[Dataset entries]
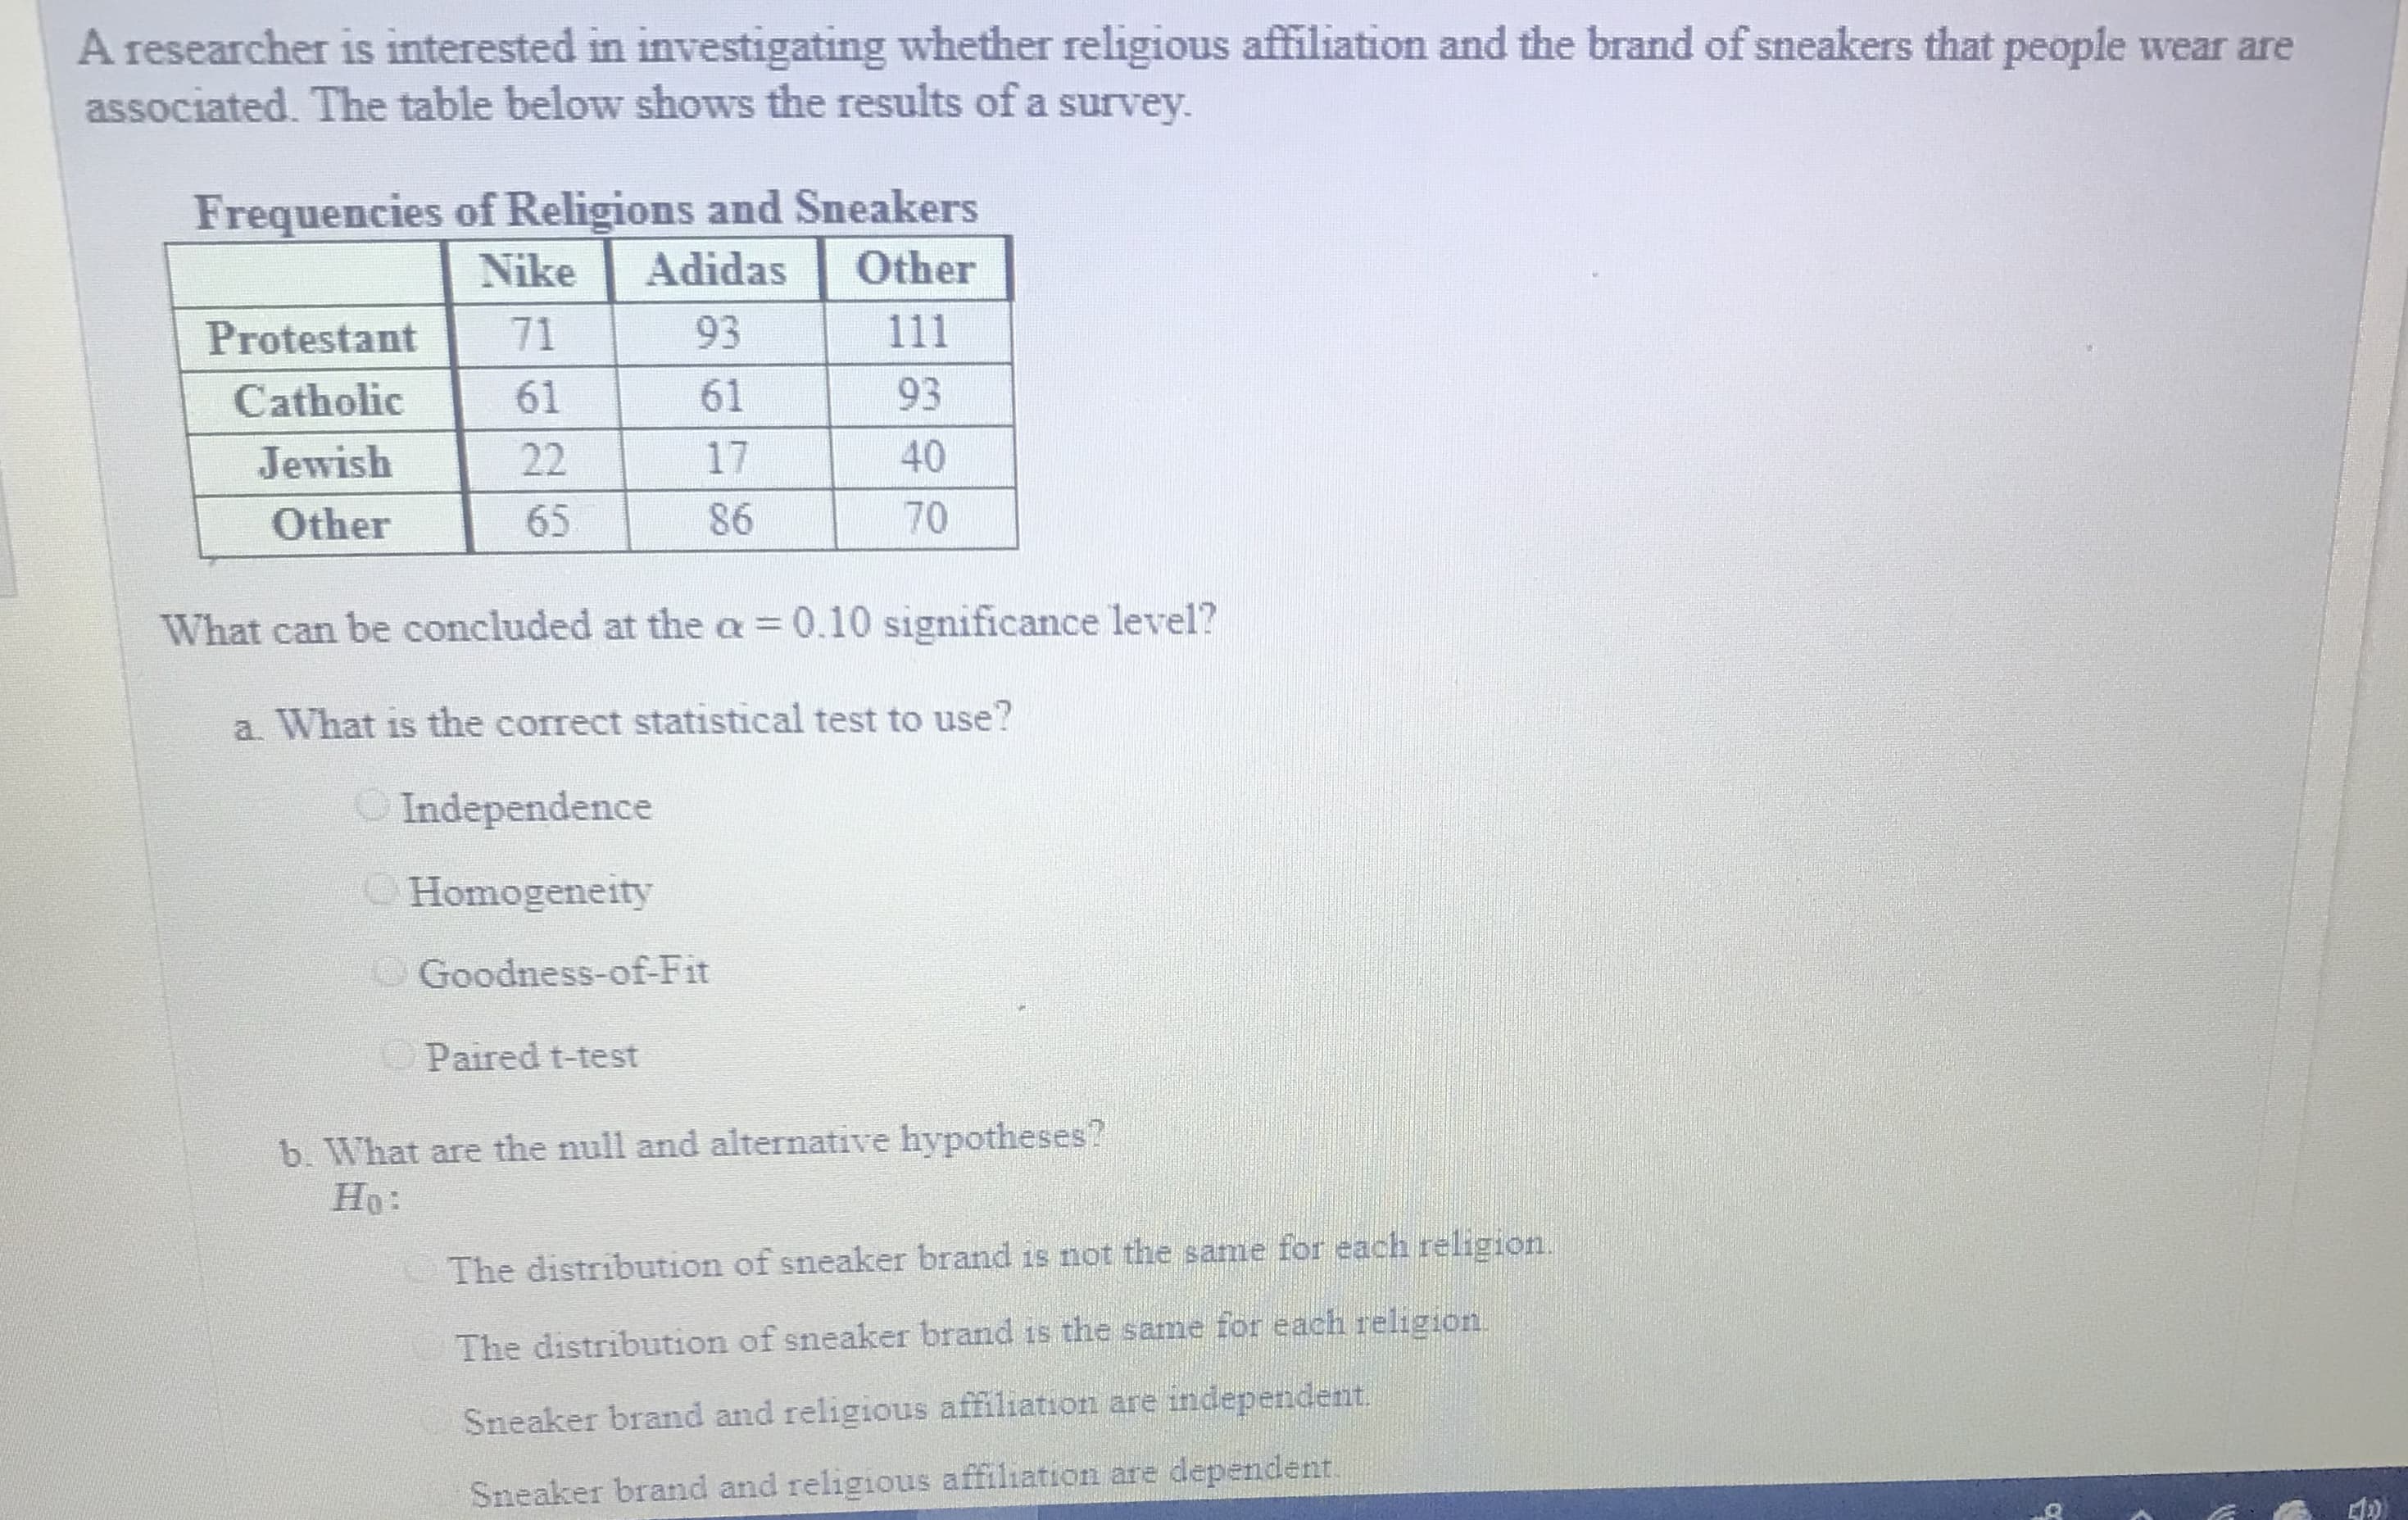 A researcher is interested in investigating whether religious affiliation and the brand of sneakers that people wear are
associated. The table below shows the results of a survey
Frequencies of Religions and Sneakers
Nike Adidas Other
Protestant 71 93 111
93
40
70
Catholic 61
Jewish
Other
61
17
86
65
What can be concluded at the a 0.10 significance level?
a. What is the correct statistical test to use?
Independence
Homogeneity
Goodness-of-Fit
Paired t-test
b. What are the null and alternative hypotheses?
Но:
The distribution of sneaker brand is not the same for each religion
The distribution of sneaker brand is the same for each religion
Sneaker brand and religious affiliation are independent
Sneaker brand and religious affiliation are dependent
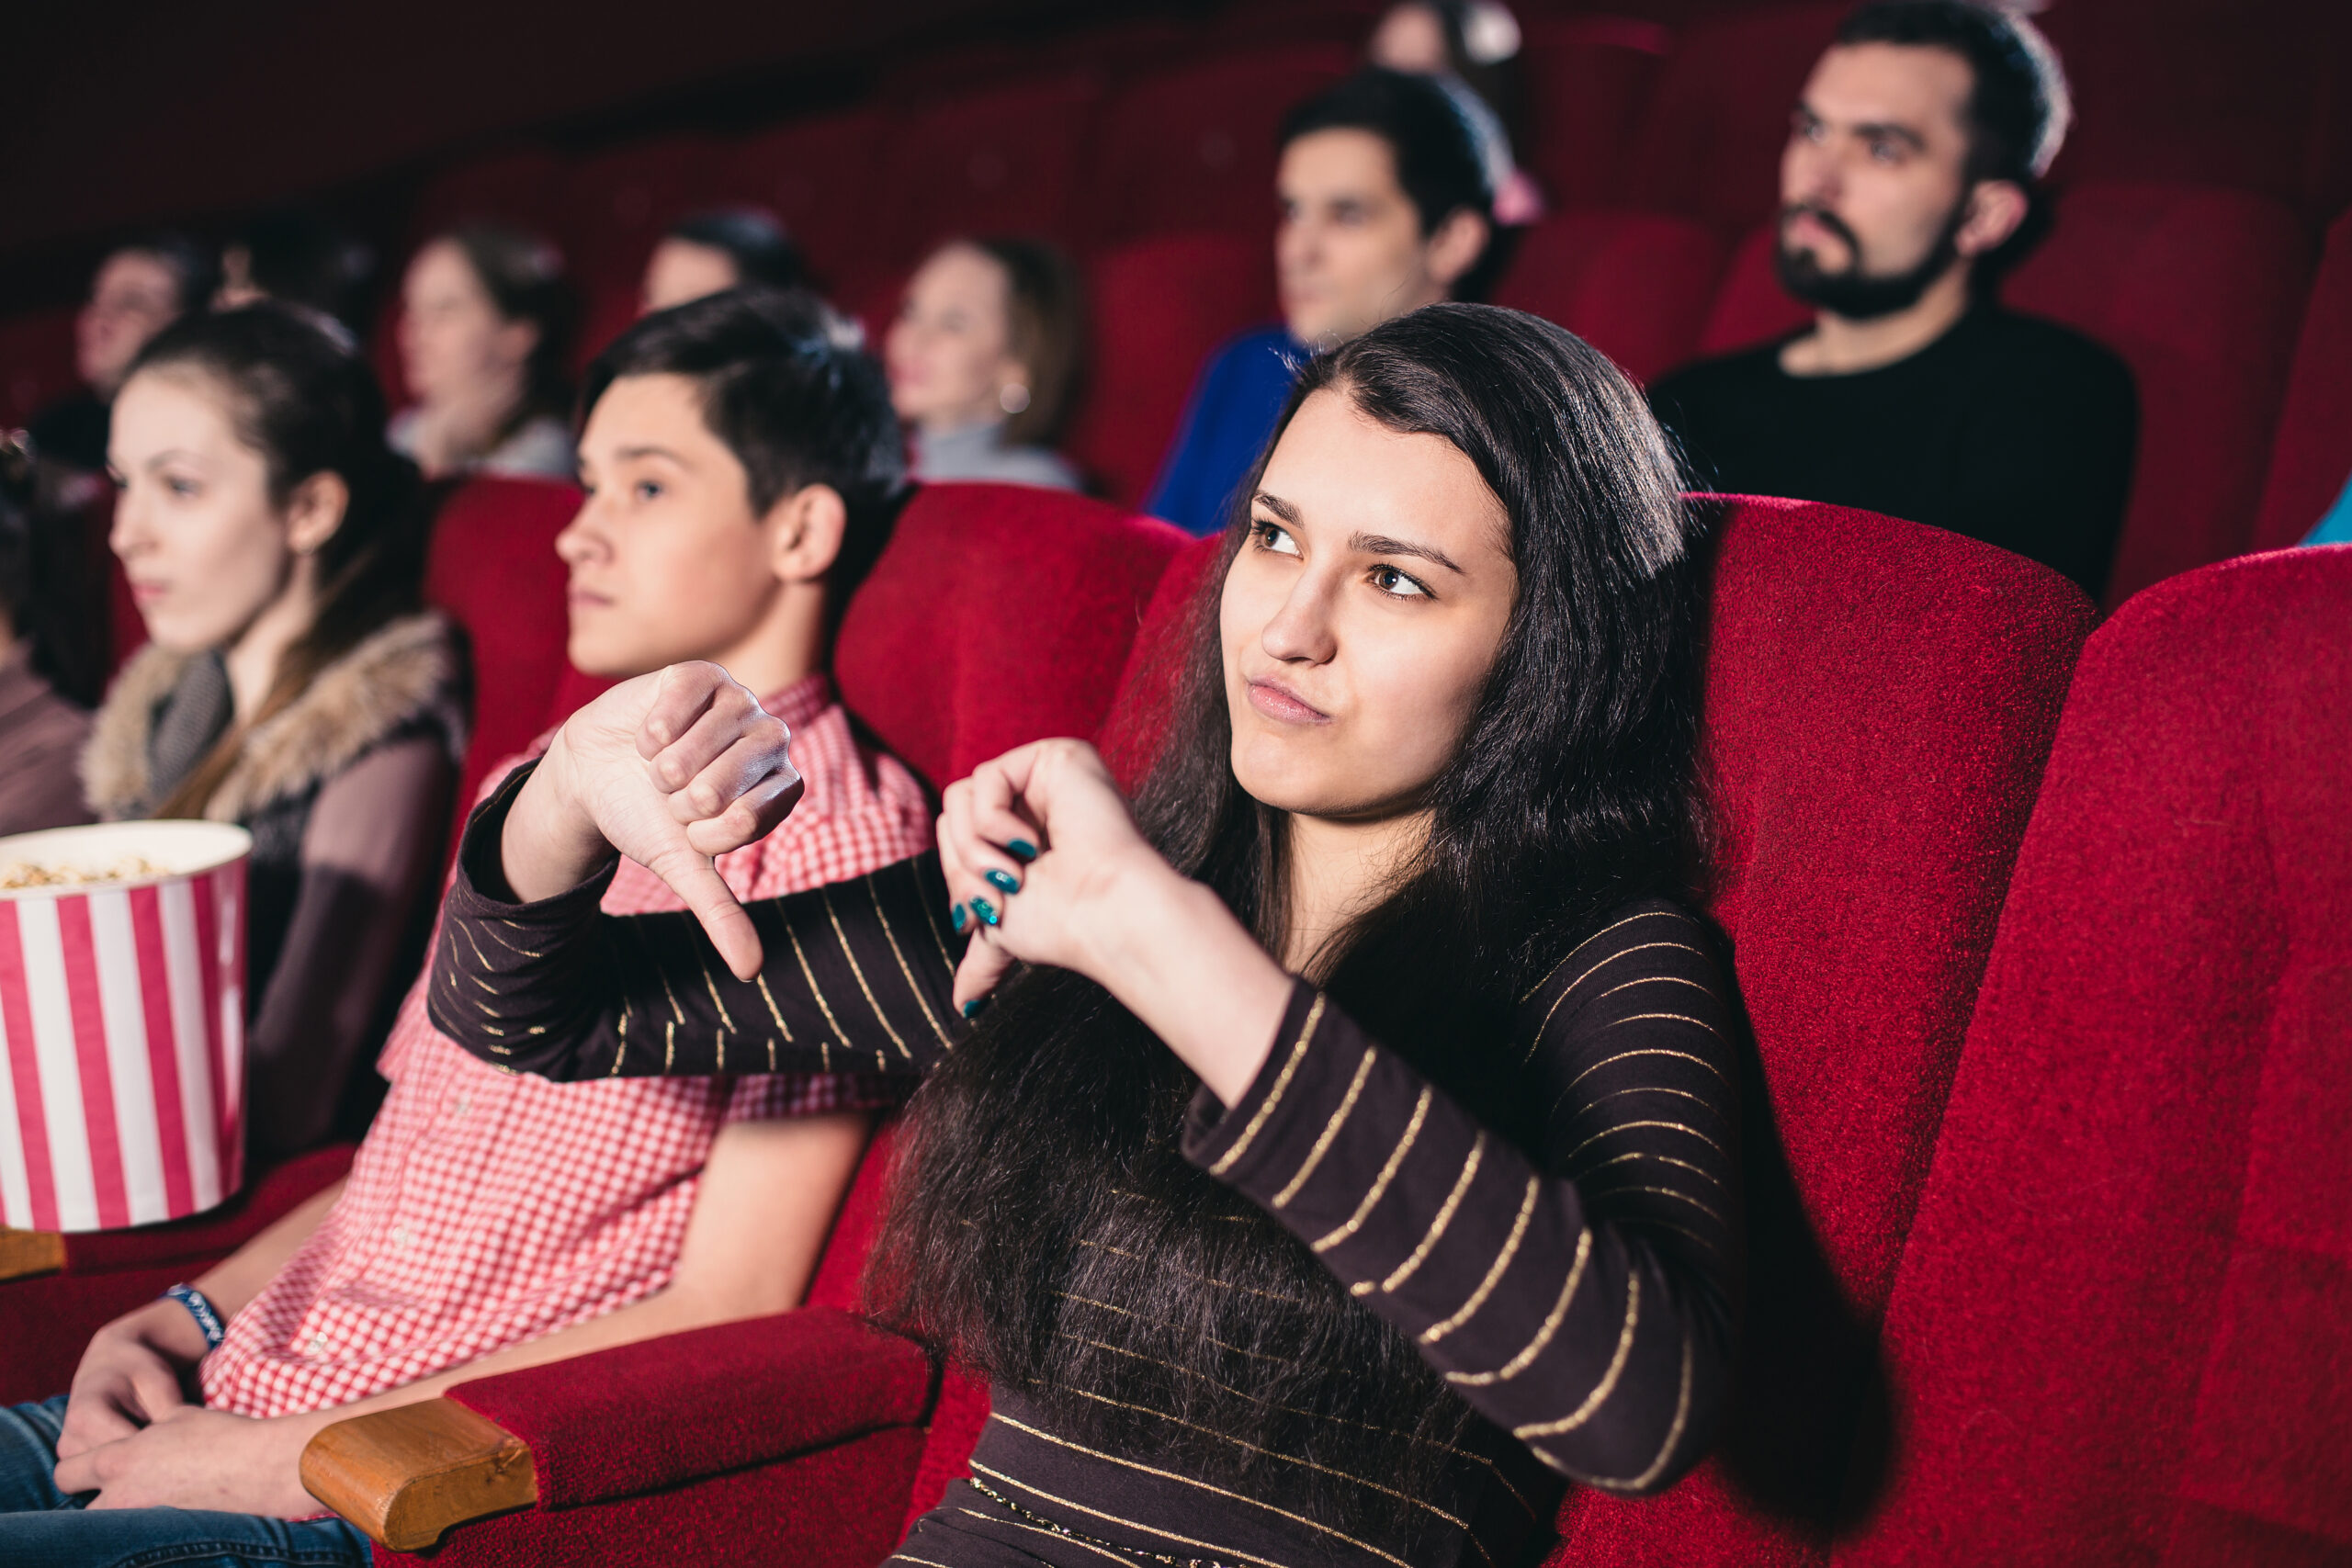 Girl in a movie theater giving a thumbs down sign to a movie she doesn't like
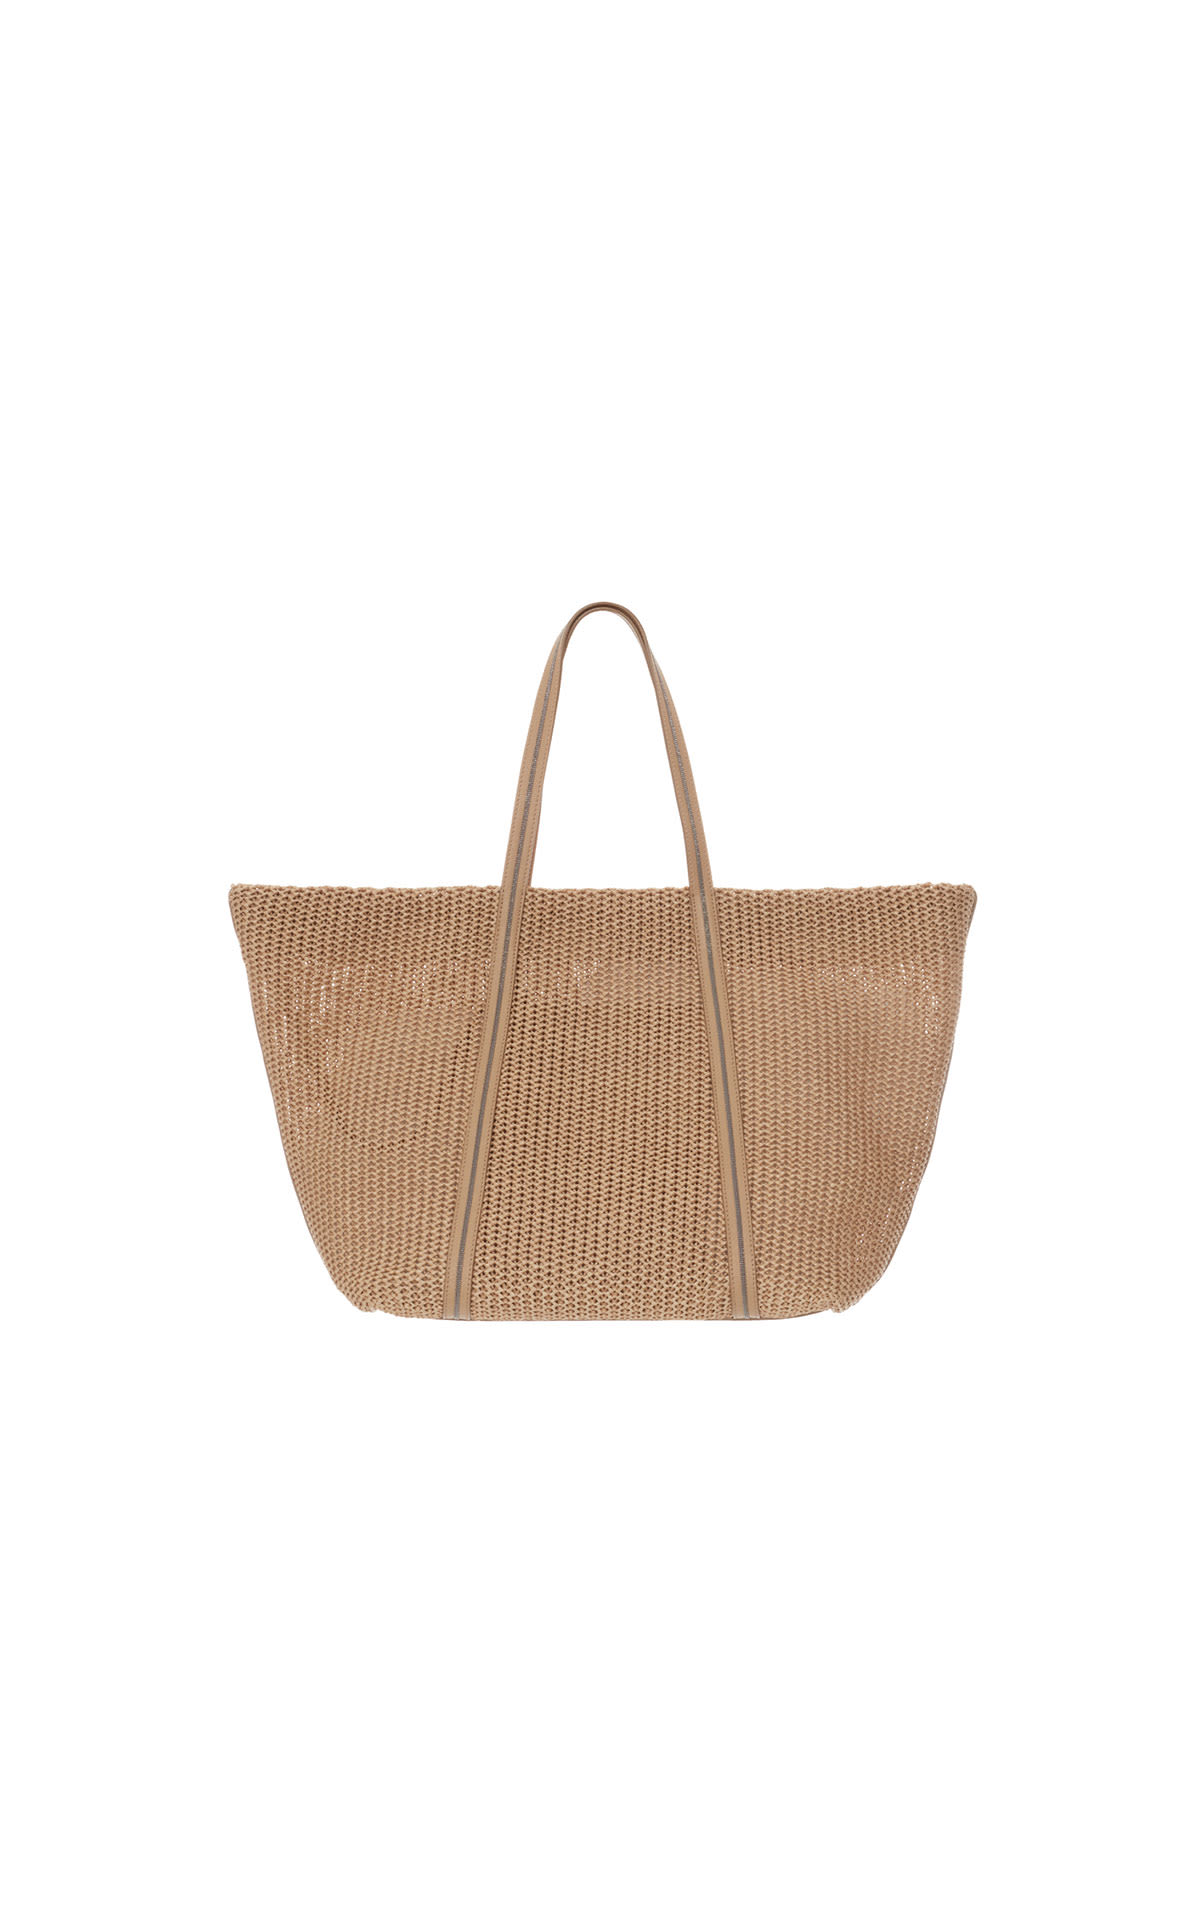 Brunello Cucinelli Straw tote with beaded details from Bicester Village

*TRY IT*. Pictures aside, give the data again exactly as it appears.

*EXPECTED ANSWER*.
 A researcher is interested in investigating whether religious affiliation and the brand of sneakers that people wear are
associated. The table below shows the results of a survey
Frequencies of Religions and Sneakers
Nike Adidas Other
Protestant 71 93 111
93
40
70
Catholic 61
Jewish
Other
61
17
86
65
What can be concluded at the a 0.10 significance level?
a. What is the correct statistical test to use?
Independence
Homogeneity
Goodness-of-Fit
Paired t-test
b. What are the null and alternative hypotheses?
Но:
The distribution of sneaker brand is not the same for each religion
The distribution of sneaker brand is the same for each religion
Sneaker brand and religious affiliation are independent
Sneaker brand and religious affiliation are dependent
 Girl in a movie theater giving a thumbs down sign to a movie she doesn't like
 Brunello Cucinelli Straw tote with beaded details from Bicester Village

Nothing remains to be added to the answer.